- **Supplied material**
::::

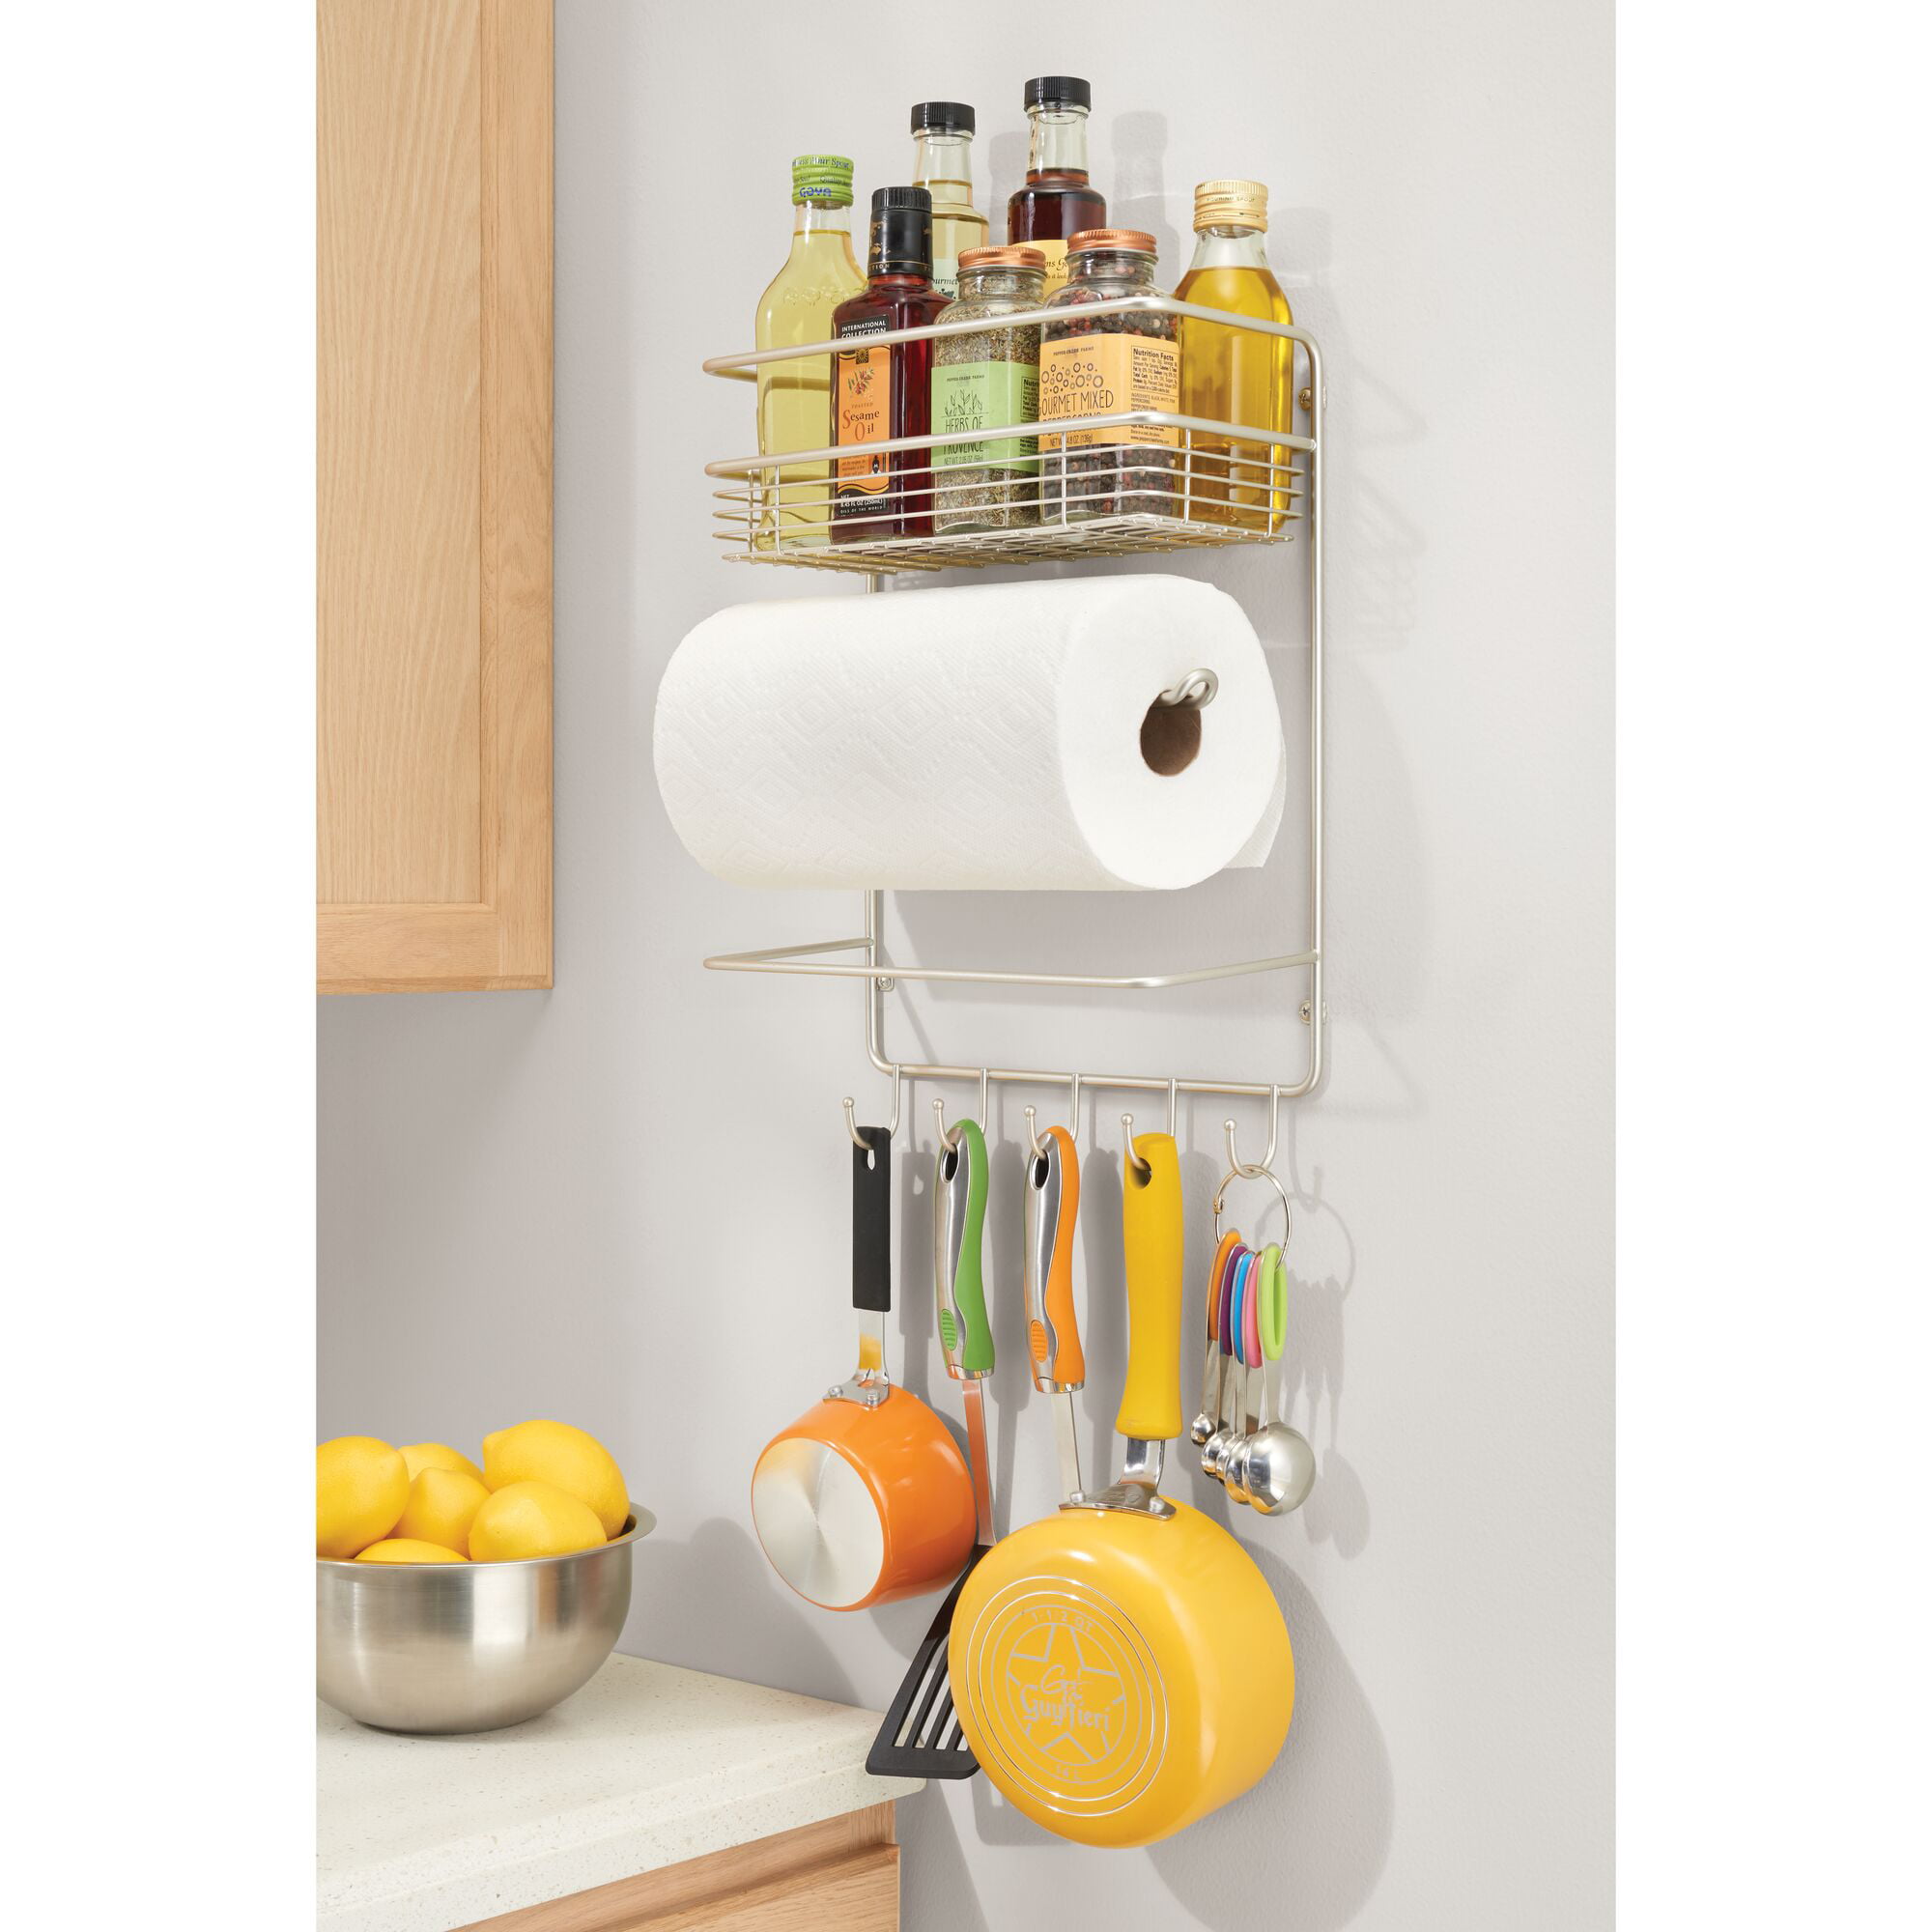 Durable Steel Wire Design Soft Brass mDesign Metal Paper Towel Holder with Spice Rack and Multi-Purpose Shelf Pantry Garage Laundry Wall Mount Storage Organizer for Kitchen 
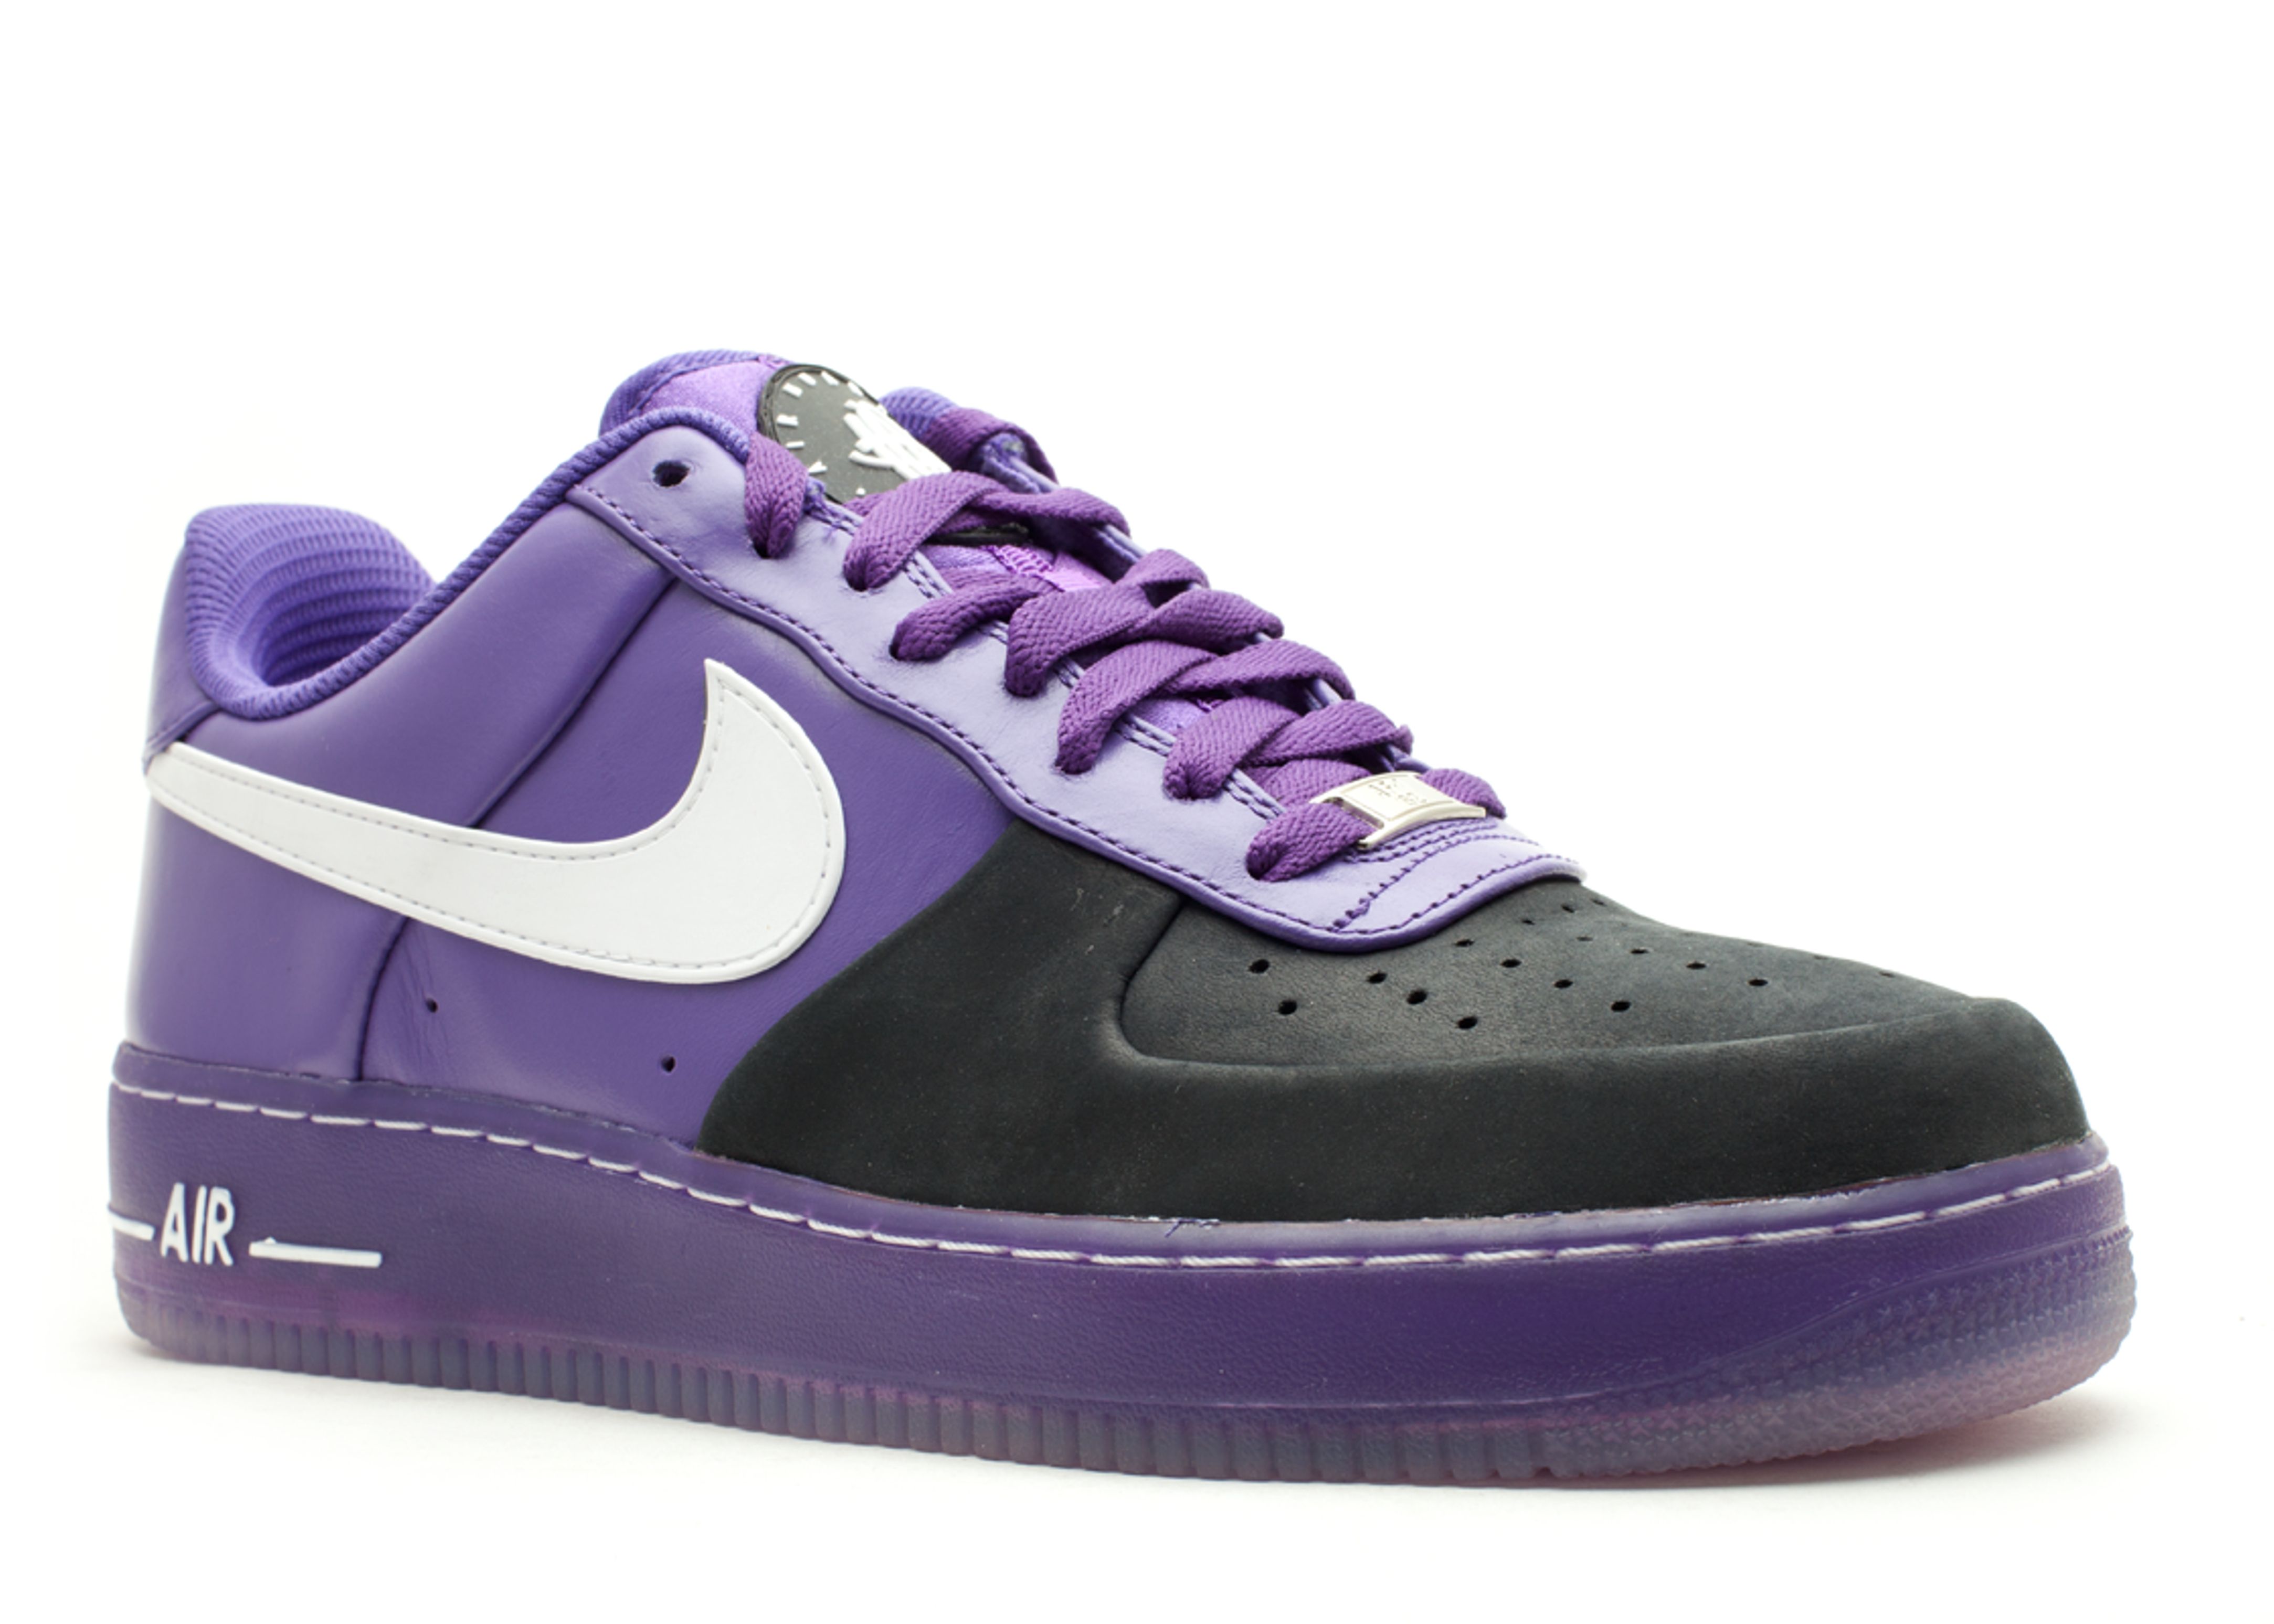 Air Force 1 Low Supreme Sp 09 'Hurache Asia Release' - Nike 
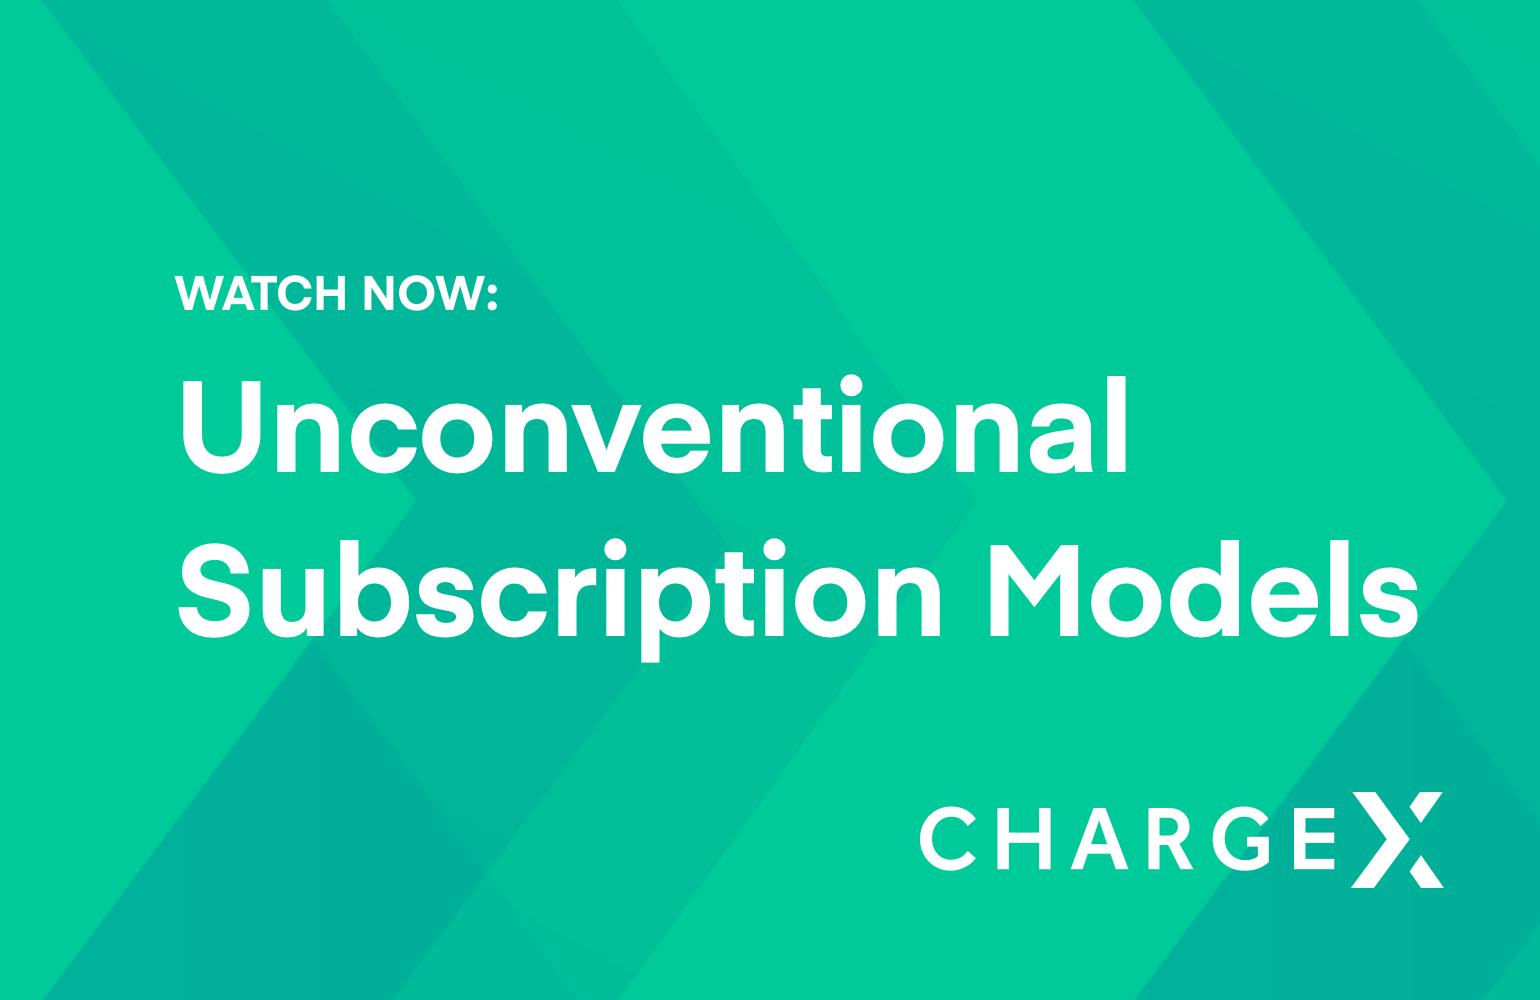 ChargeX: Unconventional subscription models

::::

- **Task to complete**
Please output the full listing above exactly, minus any pictures.

- **Final answer**
 Durable Steel Wire Design Soft Brass mDesign Metal Paper Towel Holder with Spice Rack and Multi-Purpose Shelf Pantry Garage Laundry Wall Mount Storage Organizer for Kitchen 
 Air Force 1 Low Supreme Sp 09 'Hurache Asia Release' - Nike 
 ChargeX: Unconventional subscription models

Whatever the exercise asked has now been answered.